Civilization Wiki
Advertisement

BackArrowGreen Back to the list of units

Workers can stack on a single tile, and all work on the same task, completing it much faster than a single worker.

Building a Worker

A city that builds a Worker loses one citizen from its population.

Worker Jobs

Workers can improve the countryside to make it more productive. The efficiency of a worker (how quickly it works) depends upon its government type.

Joining a City

A worker may also be used to increase the population of an existing city; when the worker is active on a city, click the "Join City" button. The worker disappears and the city's population gains one citizen.

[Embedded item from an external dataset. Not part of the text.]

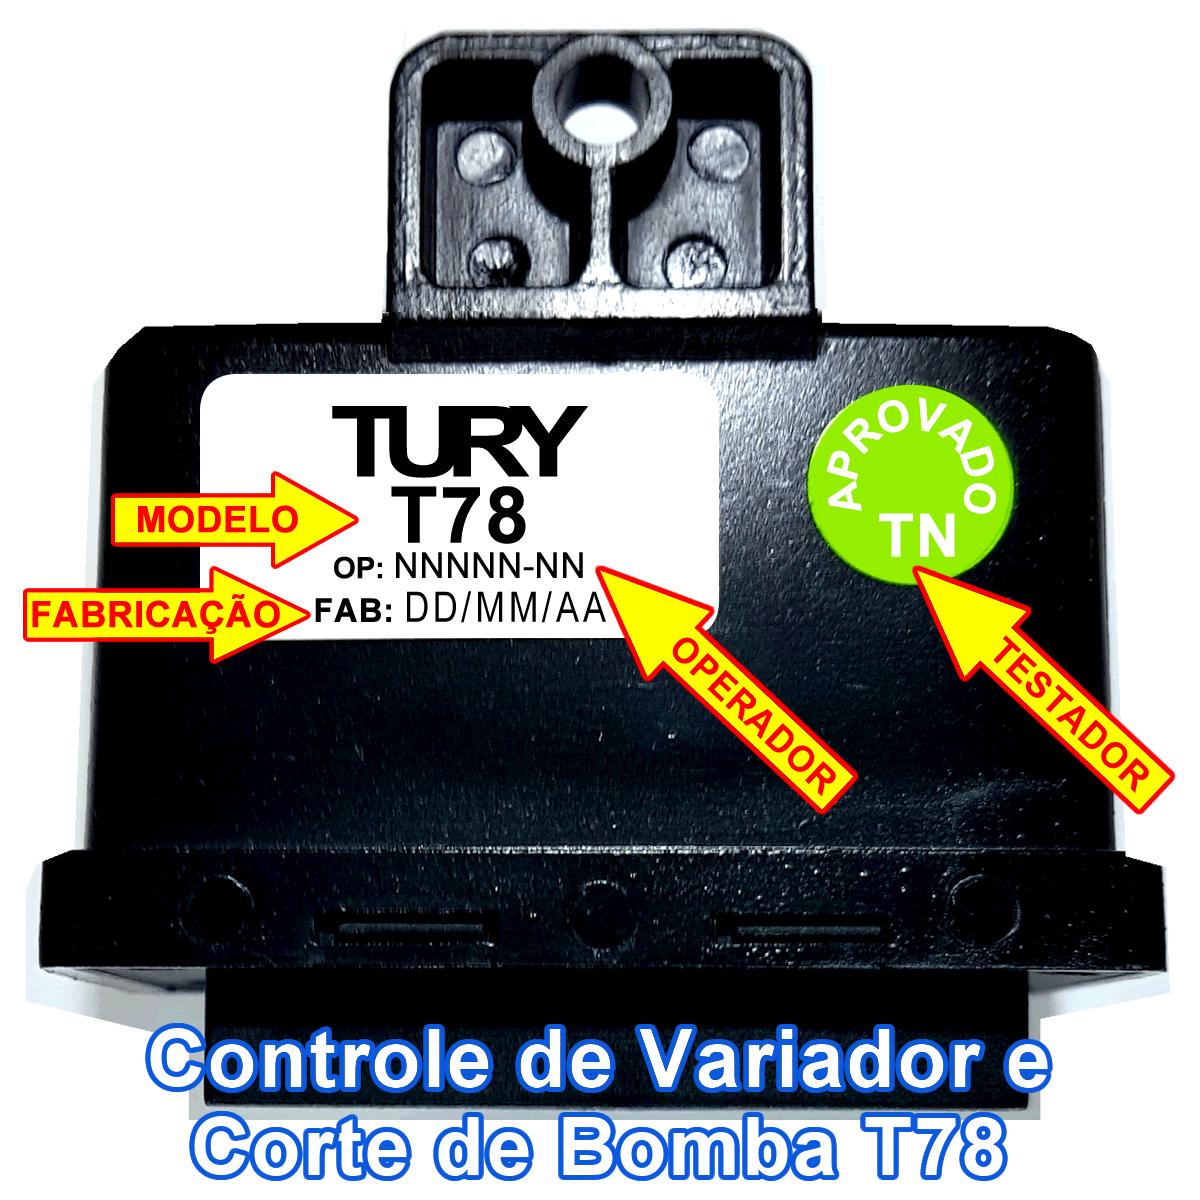 Controlador de Variador e Desliga Bomba T78 TURY GAS

Note that workers may be captured and used by rival civilizations.

Civilopedia Entry

In primitive, hunter-gatherer cultures, there was no division of labor. But every civilization since has had a worker "class," devoted to the production of goods and the unskilled tasks necessary for the maintenance of society. In most early societies, slaves and peasants fulfilled this role. With the coming of the Middle Ages, the more specialized workers organized themselves into craft guilds. The technological advances of the Industrial Age gave rise to a new class of semi-skilled workers: wage laborers, most of which worked in factories and offices. Continuing trends in the specialization and professionalism of labor during the late 20th century has not altered the fact, however, that civilization still rests upon the shoulders of those who till the fields and build the roads.